Mereka pandai membungkus janji dengan retorika, tetapi miskin dalam mendengar denyut kebutuhan nyata, seperti akses pendidikan, layanan dasar, dan keadilan sosial. Maka benar adanya, bahwa suara rakyat bukan untuk dibeli, tetapi untuk dipahami dan diperjuangkan.
-
Baca Juga :
-
“Pemimpin karbitan,” seperti yang saya sering sebut dalam tulisan-tuilisan saya, sesungguhnya adalah mereka yang naik bukan karena integritas, tetapi karena kepentingan.
Dan Adnan, secara tanpa sadar mungkin telah memanggil nurani banyak orang untuk kembali bertanya: “Untuk siapa sesungguhnya kekuasaan itu dipakai?”
Jika saja narasi harapan dalam bentuk kejujuran kita, dan jika saja lebih banyak orang mampu bersuara secara jujur dan berani, barangkali ‘suara sunyi’ seperti milik Adnan tak akan lagi dipikul sendirian.
Dan menurut saya, masalah Adnan ini lebih menarik daripada perihal tentang pembarakan peserta didik yang dianggap bermasalah karakternya, yang dilakukan oleh Gubernur Jawa Barat Dedi Mulyadi, karena apa yang dilakukan oleh Dedi Mulyadi merupakan hak beliau untuk menentukan kebijakan pendidikan di wilayah yang dipimpinnya, terlepas dari paham atau tidaknya beliau tentang pedagogi dan sistem pendidikan yang ada.
Sesungguhnya, kisah Adnan memiliki resonansi yang lebih kuat, karena dia adalah cerminan dari realitas pendidikan di Indonesia, kisah seorang anak yang mewakili seluruh anak-anak marginal di negara bi-adab ini, yang berjuang tanpa fasilitas dan perhatian yang seharusnya diberikan oleh sistem.
Sementara tindakan Dedi Mulyadi dalam kebijakan pendidikan adalah bagian dari kewenangannya sebagai pemimpin daerah, karena itulah mengapa cerita Adnan lebih menggugah, karena berasal dari inisiatif personal, bukan kekuasaan.
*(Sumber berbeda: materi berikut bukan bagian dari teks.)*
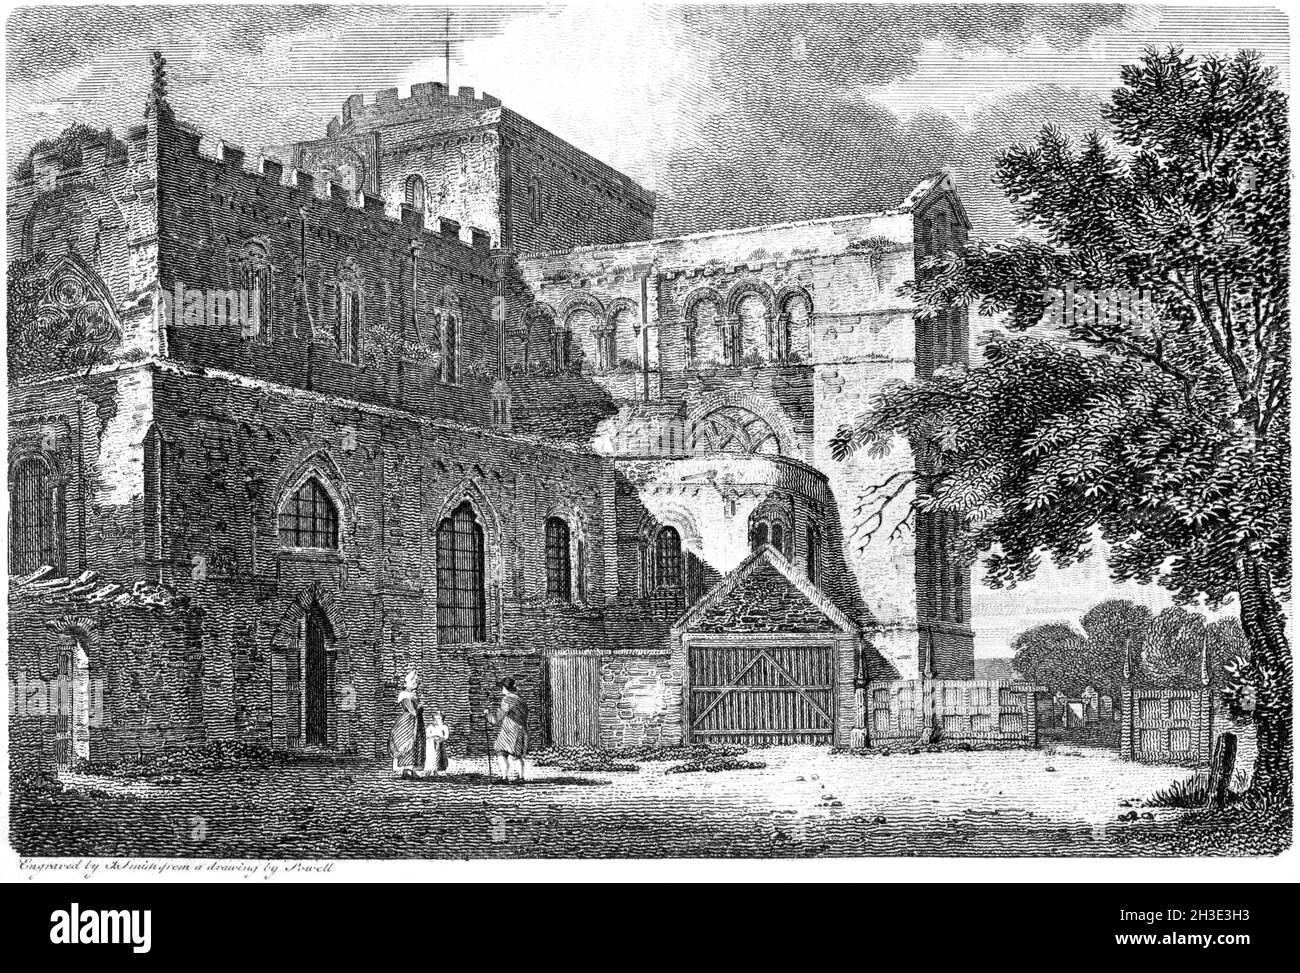 Ein Stich der Rumsey Church (Romsey Abbey), Hampshire UK, gescannt in hoher Auflösung aus einem Buch aus dem Jahr 1812. Für urheberrechtlich frei gehalten. Stockfoto
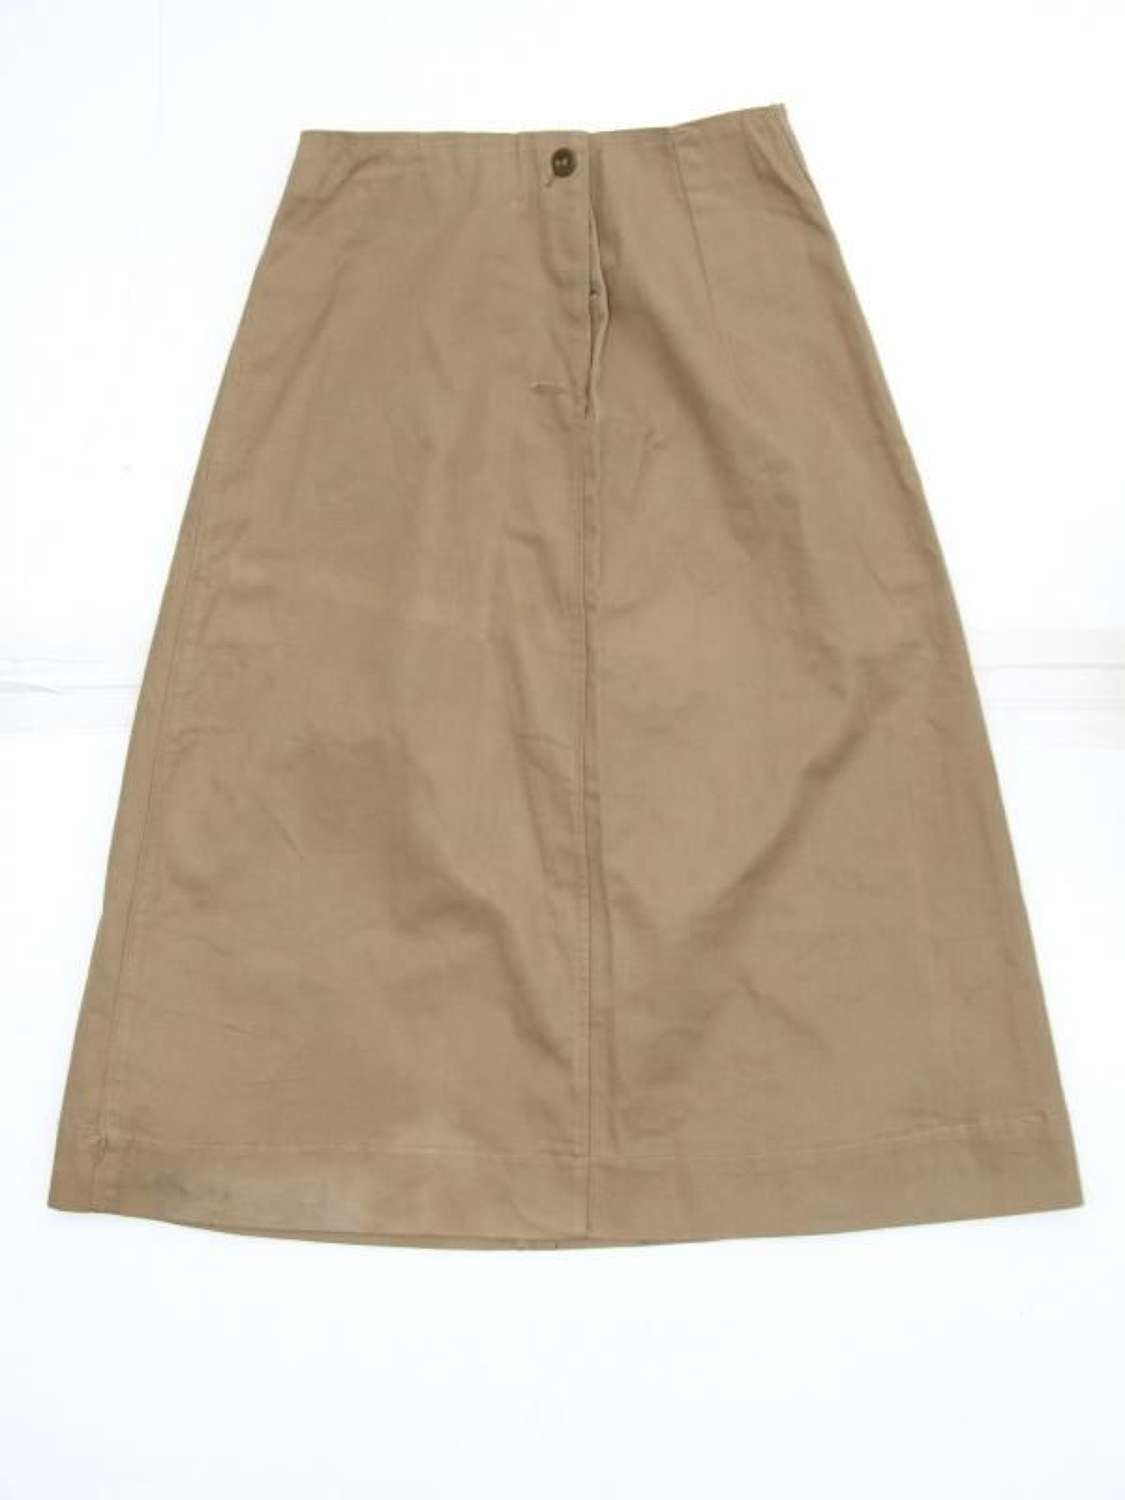 ATS KD Skirt 1944 Dated

Apa yang dilakukan oleh Dedi Mulyadi mungkin berada dalam batas kewenangannya, tetapi apakah kebijakan tersebut benar-benar membawa dampak substansial bagi dunia pendidikan, itu pertanyaan lain.
Paham atau tidaknya seorang pemimpin tentang pedagogi menjadi krusial, karena kebijakan pendidikan bukan hanya soal administrasi, tetapi juga tentang pemahaman mendalam terhadap perkembangan intelektual dan moral generasi penerus.
Adnan, di sisi lain, adalah contoh nyata bahwa pendidikan yang seharusnya menjadi hak, justru harus diperjuangkan dengan cara yang ekstrem. Kisahnya tidak hanya menyentuh emosi, tetapi juga menjadi cermin bagi kebijakan pendidikan yang masih belum mampu menjangkau anak-anak yang membutuhkan.
Seharusnya kisah seperti Adnan ini bisa menjadi titik refleksi bagi perubahan kebijakan, bagaimana seharusnya cerita ini diperlakukan agar benar-benar membawa dampak nyata, dan tidak hanya berhenti sebagai fenomena di media sosial semata.
Kisah Adnan dan Uwais Al Qarni
Dari kisah Adnan ini, saya jadi ingat kisah pemuda dari negeri Yaman yang ingin bertemu Rasulullah, yaitu Uwais al Qarni....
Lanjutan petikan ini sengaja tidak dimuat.